Jean Schaffer, MD
- Vascular Cell Biology
Senior Investigator and Associate Research Director
Professor of Medicine, Harvard Medical School
Professor of Molecular Metabolism, Harvard T. H. Chan School of Public Health
Dr. Jean Schaffer comes to Joslin after 24 years on the faculty at Washington University School of Medicine in St Louis, Missouri, where she was the inaugural holder of the Virginia Minnich Distinguished Professorship in Medicine and Director of the NIH-funded Diabetes Research Center.
Dr. Schaffer’s research focuses on metabolic regulation and complications of diabetes. Her work has elucidated the ways in which high levels of sugars and fats in the bloodstream damage tissues of many organs, and her laboratory has developed models for study of the connections between diabetes and heart disease. She has used bold strategies and innovative approaches to discover links between metabolic regulation and regions of “junk” DNA, which does not encode proteins. These studies have the potential to provide new approaches to prevent diabetes and novel strategies for improving the health of persons affected by the disease.
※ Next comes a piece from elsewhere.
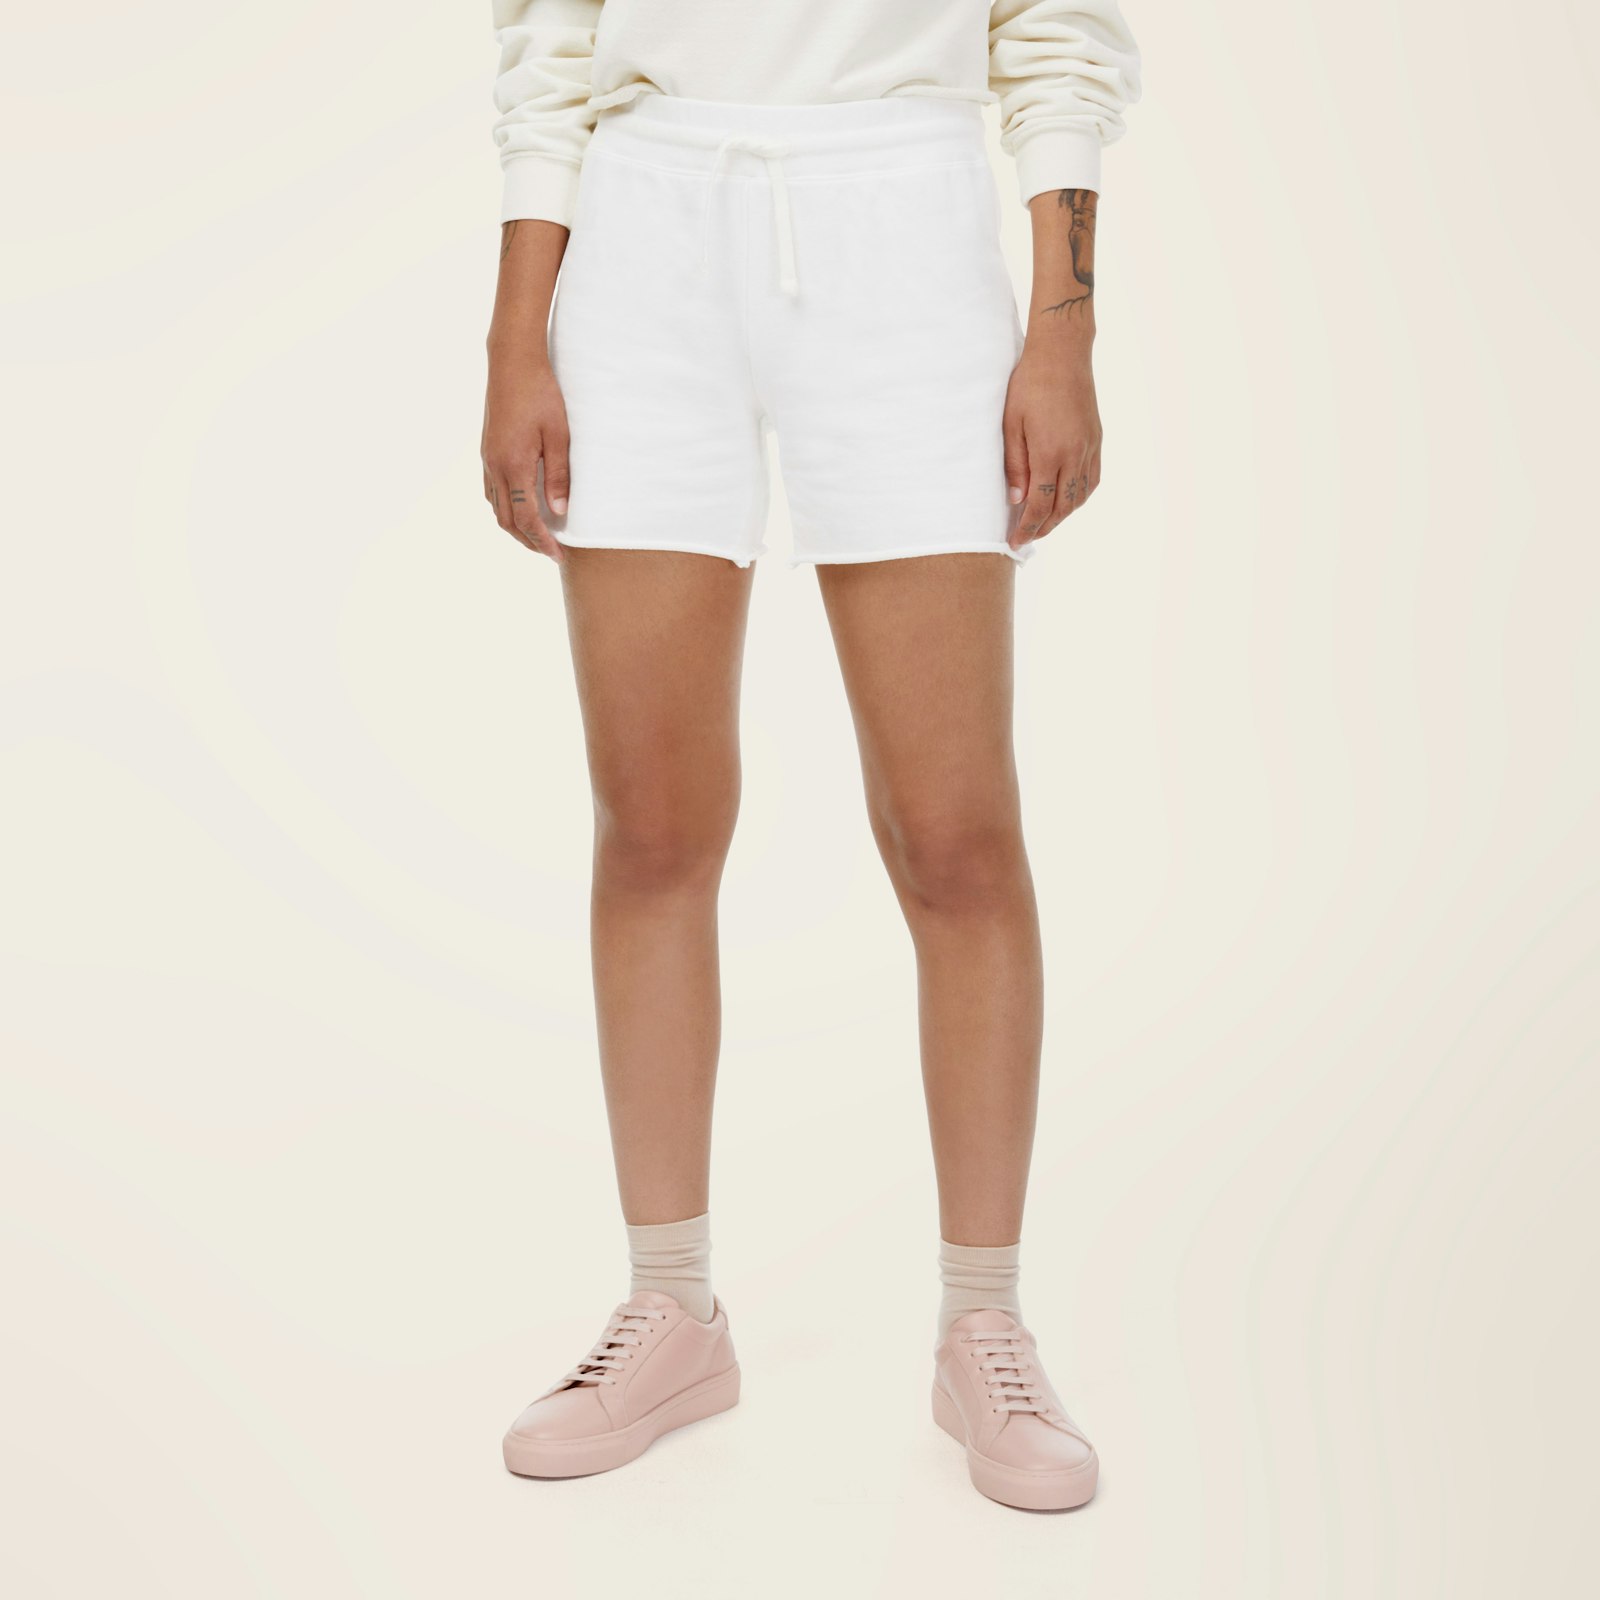 RecycledTerryShorts_OffWhite_Womens_OnFigure_1x1_0901.jpg

Dr. Schaffer’s work has been recognized with prestigious awards including the American Heart Association’s Louis N. Katz Basic Science Research Prize, the Heinrich Wieland Prize, the Harold Rifkin Award and most recently the Avanti Award in Lipids. She was elected as a member of the American Society for Clinical Investigation and the American Association of Physicians and as a fellow of the American Association for the Advancement of Science.
Schaffer earned her undergraduate degree from Harvard and her medical degrees from the Harvard/MIT Health Sciences and Technology Program. She completed clinical training at Brigham and Women’s and Beth Israel Hospitals and her post-doctoral training at the Whitehead Institute at MIT.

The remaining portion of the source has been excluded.